Hij zwichtte. ‘Goed dan.’ Met een hoofdknik nodigde hij hen uit hem te volgen.
Elin had de bibliotheek nog niet eerder gezien, maar toen ze achter de assistent aan naar binnen liep, zag ze dat de ruimte eruitzag zoals ze had gehoopt. De bezoekruimte bood geen enkele gelegenheid om je af te zonderen of ook maar een woord te wisselen zonder dat de aanwezige medewerker je hoorde. Hier was dat anders. Vijf rekken met boeken stonden dwars op de muur van de grote rechthoekige ruimte, zodat er zes korte inloopjes waren ontstaan waarin je je, al was het maar even, aan het zicht kon onttrekken.
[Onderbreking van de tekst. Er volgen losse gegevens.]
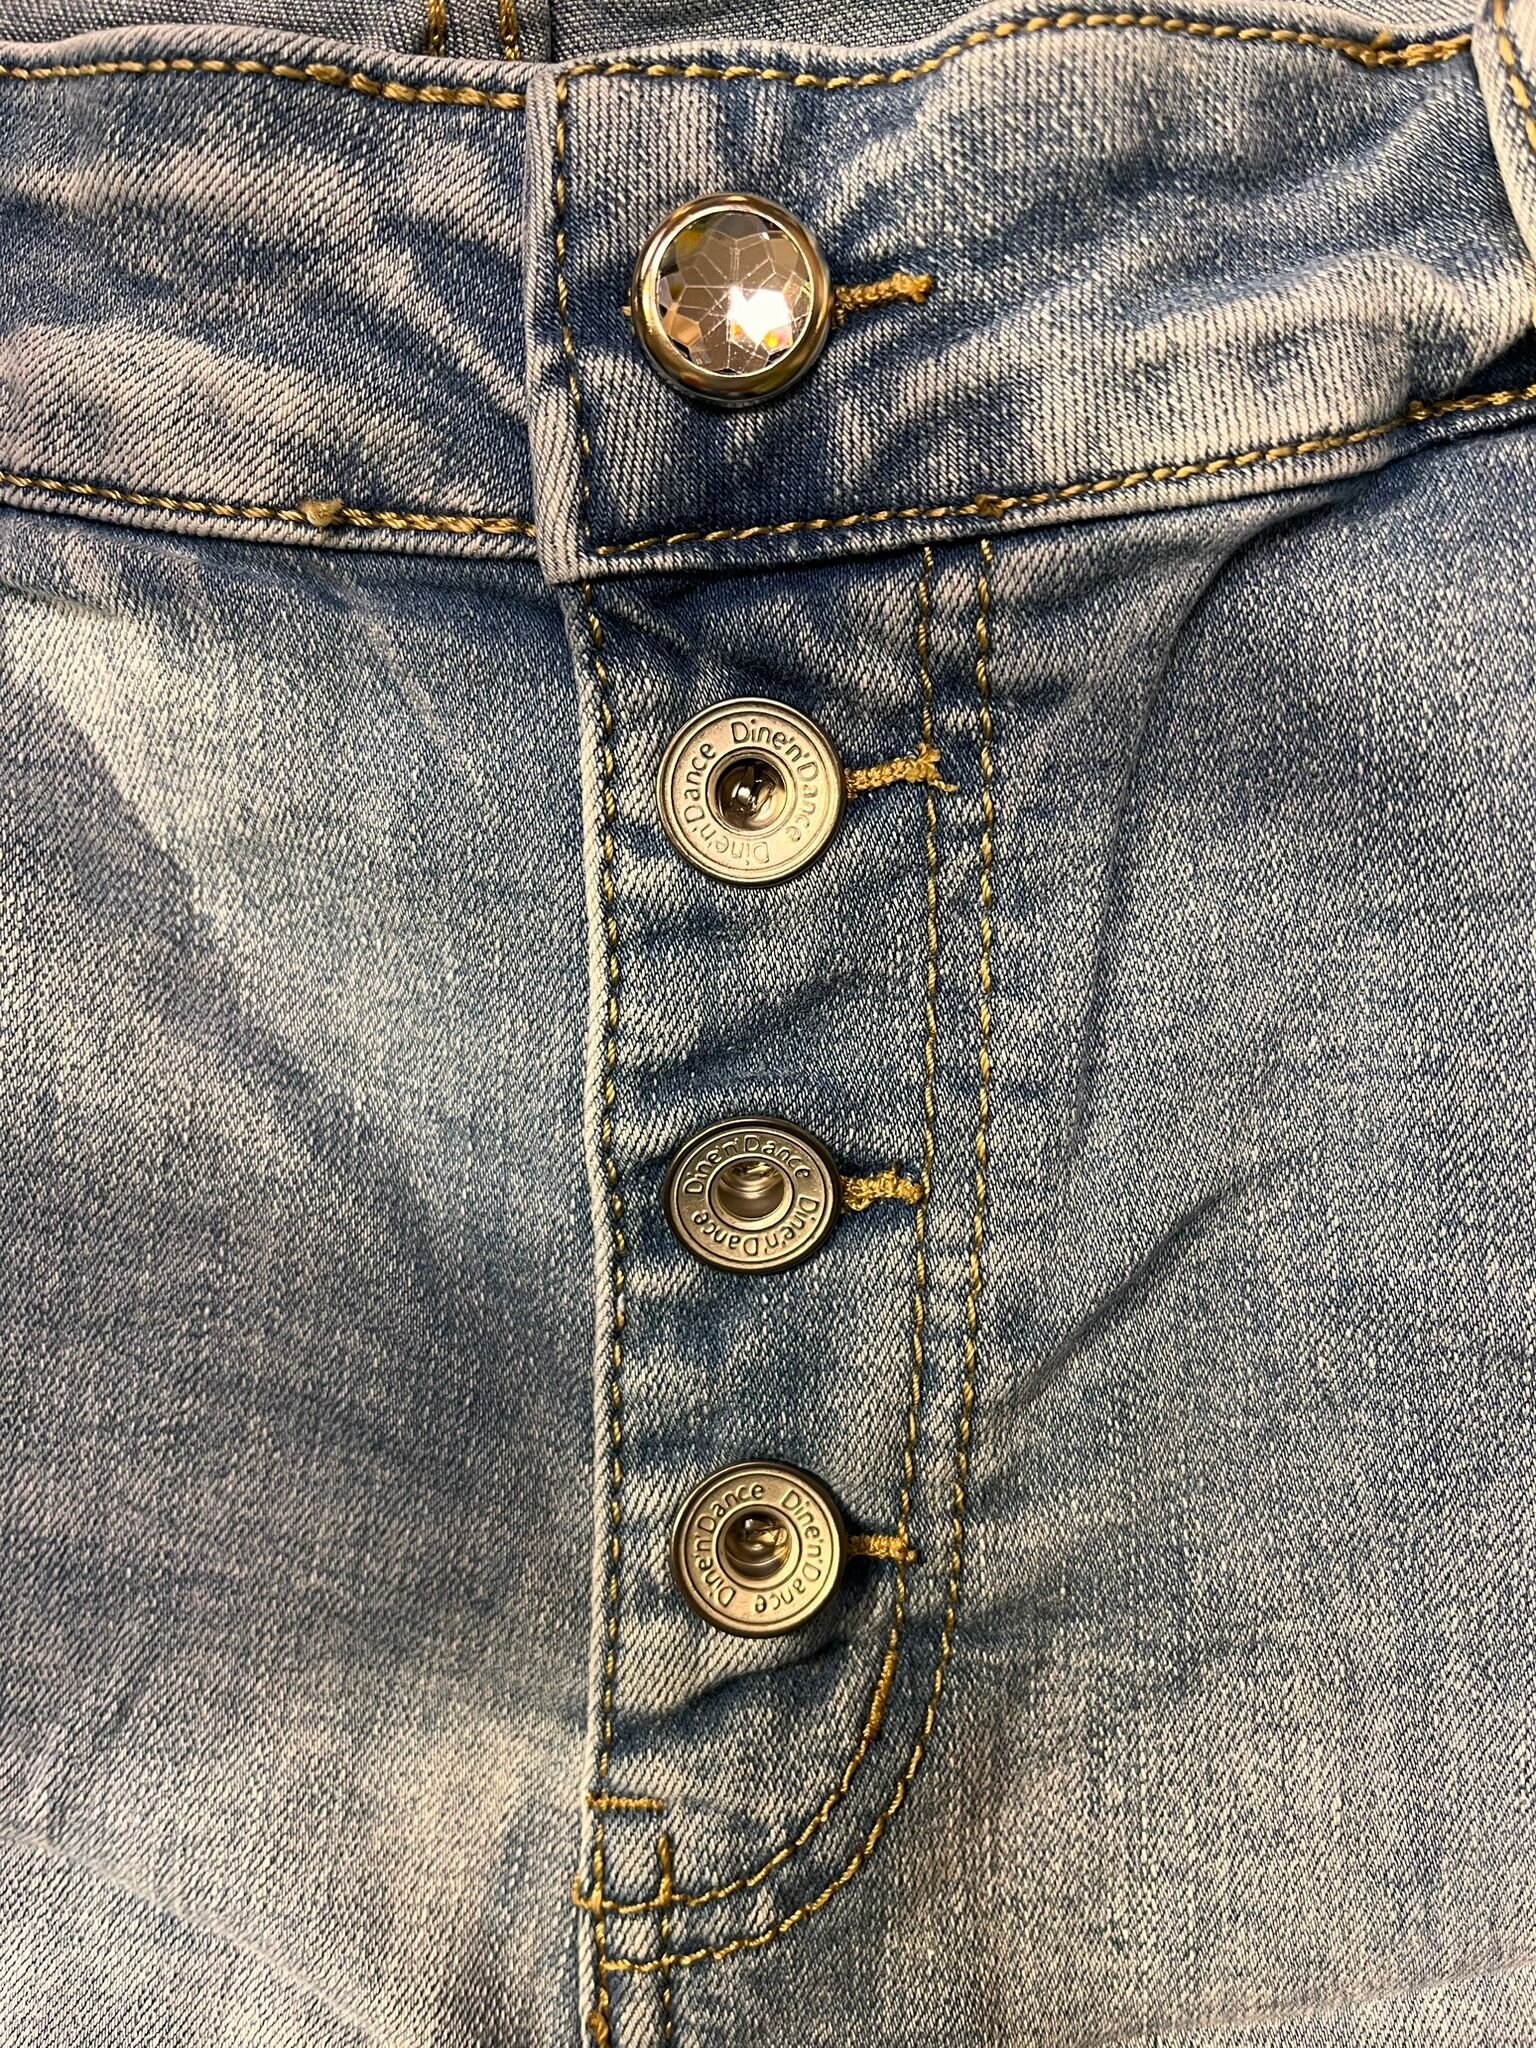 Jeans JP2622 - Diamond button - Light wash

Ze zag dat de assistent zijn positie innam bij de deur en zelf liep ze naar het midden van de zaal. ‘Goh, wat een grote bibliotheek. Daar treffen jullie het maar mee. Best een behoorlijke collectie. Had je hier die dichtbundel van Shelley vandaan?’
Daniël liep achter haar aan en haalde zijn schouders op. ‘Ja, ik denk dat er nog wel meer van hem staat. Moeten we even bij de S kijken.’
Samen liepen ze een van de gangetjes tussen de boekenrekken in. Elin knipoogde naar Daniël en hij grijnsde terug, ze wist dat hij begreep wat haar bedoeling was. Tussen de rekken konden ze praten zonder dat de assistent hen zag of hoorde, maar om geen argwaan te wekken moesten ze er niet te lang blijven staan. Als ze af en toe een ander rek bezochten en zichzelf even lieten zien, zouden ze geen vreemde indruk maken. Aan een ander had ze dit zonder woorden niet uit kunnen leggen, maar ze kende Daniël en hij kende haar. Samenzweerderig legde ze een hand op zijn schouder.
‘Ik ben bij Verhoeven geweest,’ fluisterde ze.
Hij knikte.
‘Ik heb gevraagd of je mee mag op verlof naar mijn huis, maar hij vindt het niet goed.’
Ze zag dat hij kleurde en voelde opeens zijn hand op haar rug.
‘Wil je dat ik bij jou thuis kom?’ vroeg hij, en zijn ogen schitterden.
Ze knikte en stapte achteruit toen ze de assistent hoorde kuchen.
‘O ja, hier, zie je wel, een hele rij van Shelley,’ zei ze wat harder. ‘Heb je deze ook gelezen? Die kan ik je echt aanraden, erg mooi.’
Ze wenkte Daniël en nonchalant liepen ze om het rek heen het volgende gangetje in. Daar trok ze hem snel weer naar zich toe.